Storage means for storing an encryption key for encrypted communication with other communication devices in the network;
Receiving means for receiving a communication parameter provision request;
Communication in the network together with first encryption key information for performing encrypted communication using a common encryption key among all communication devices in the network based on the storage state of the encryption key by the storage means Determination means for determining whether or not to provide second encryption key information for performing encrypted communication using different encryption keys for each partner;
Providing means for providing a communication parameter including at least the first encryption key information to the communication parameter provision request source device according to a determination result by the determination means;
It is characterized by having.

The present invention is also a method for controlling a communication device having a memory for storing an encryption key for encrypted communication with other communication devices in the network,
A receiving step of receiving a communication parameter provision request;
Based on the storage state of the encryption key in the memory, together with first encryption key information for encrypted communication using a common encryption key between all communication devices in the network, a communication partner in the network A determination step of determining whether or not to provide second encryption key information for encrypted communication using a different encryption key for each;
A providing step of providing a communication parameter including at least the first encryption key information to the communication parameter provision request source device according to a result of the determination in the determining step;
It is characterized by having.

  ADVANTAGE OF THE INVENTION According to this invention, the data communication which maintained security can be performed by changing the encryption key information included in the communication parameter to provide based on the memory | storage state of the encryption key in a communication apparatus.

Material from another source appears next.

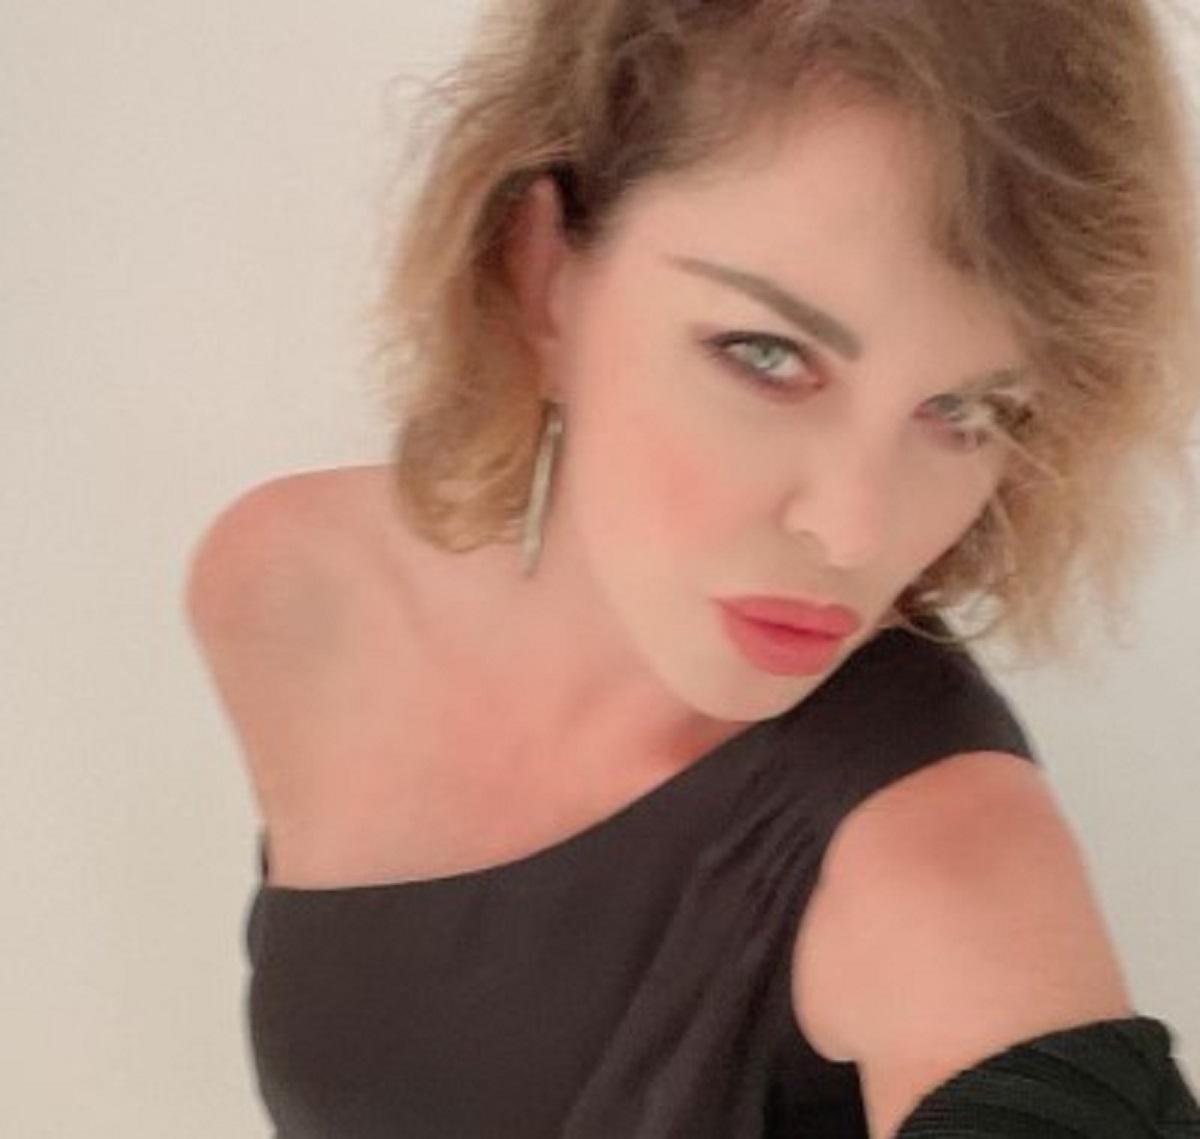 Alba Parietti Paola Barale vacanza Ibiza selfie naturale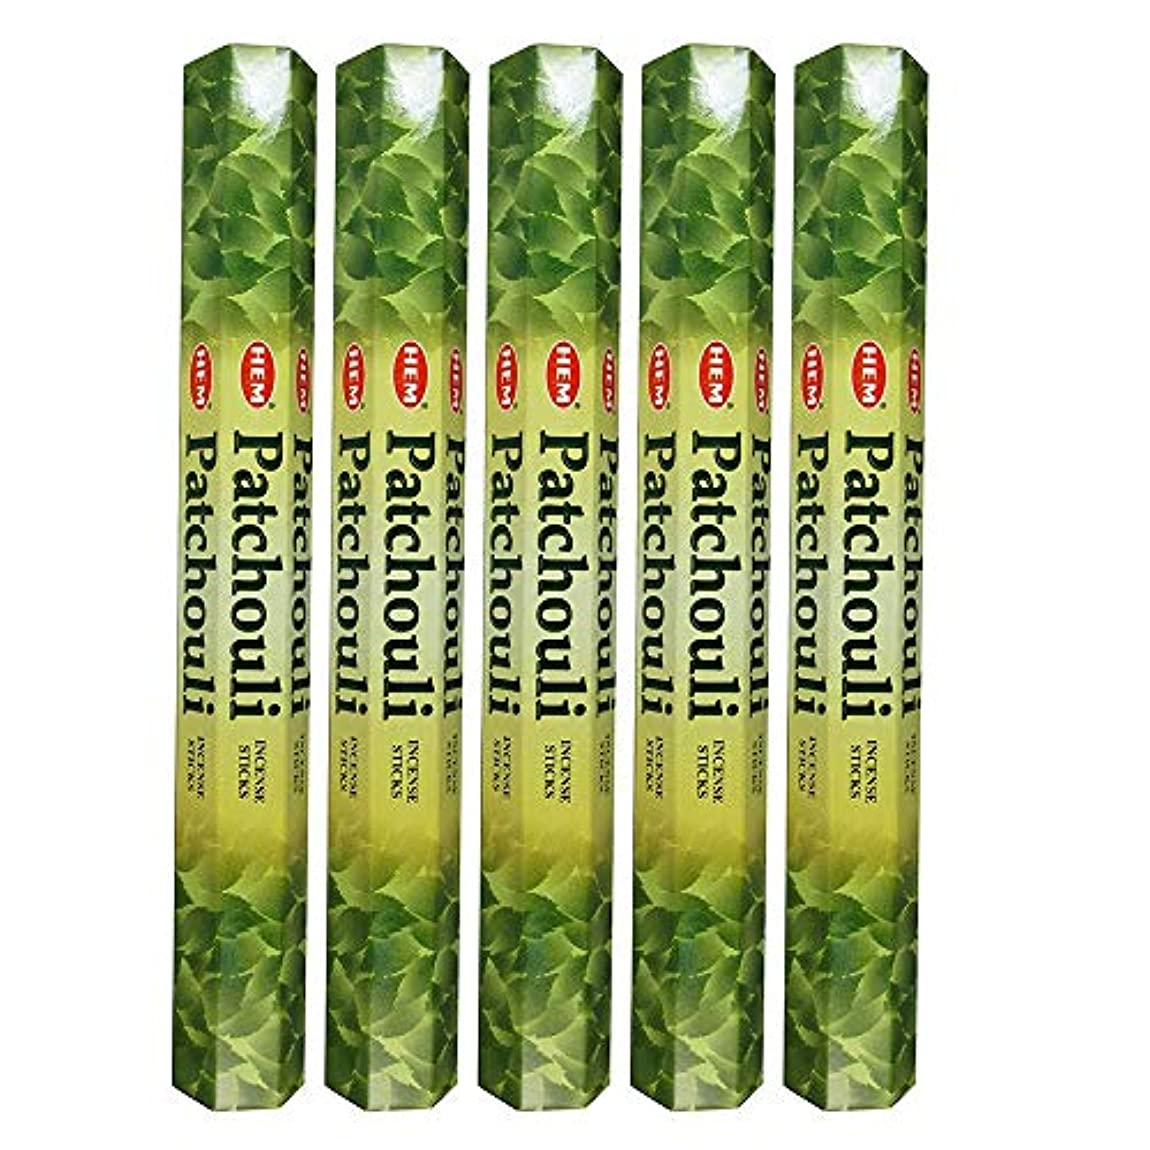 マイクロおなじみの付与Hemパチョリ100 Incense Sticks (5 x 20スティックパック)

Block diagram showing the hardware configuration of each communication device Block diagram showing software functions of each communication device Network configuration diagram in Embodiment 1 Sequence between communication devices in embodiment 1 Flowchart diagram of the communication apparatus in the first embodiment The flowchart figure of the communication apparatus in Example 2.

Example 1
Hereinafter, the communication apparatus according to the present embodiment will be described in detail with reference to the drawings. In the following, an example using a wireless LAN system compliant with the IEEE 802.11 series will be described, but the communication form is not necessarily limited to the wireless LAN compliant with IEEE 802.11.

  A hardware configuration in a case suitable for the present embodiment will be described. FIG. 1 is a block diagram showing an example of the configuration of each device described below according to an embodiment to which the present invention can be applied.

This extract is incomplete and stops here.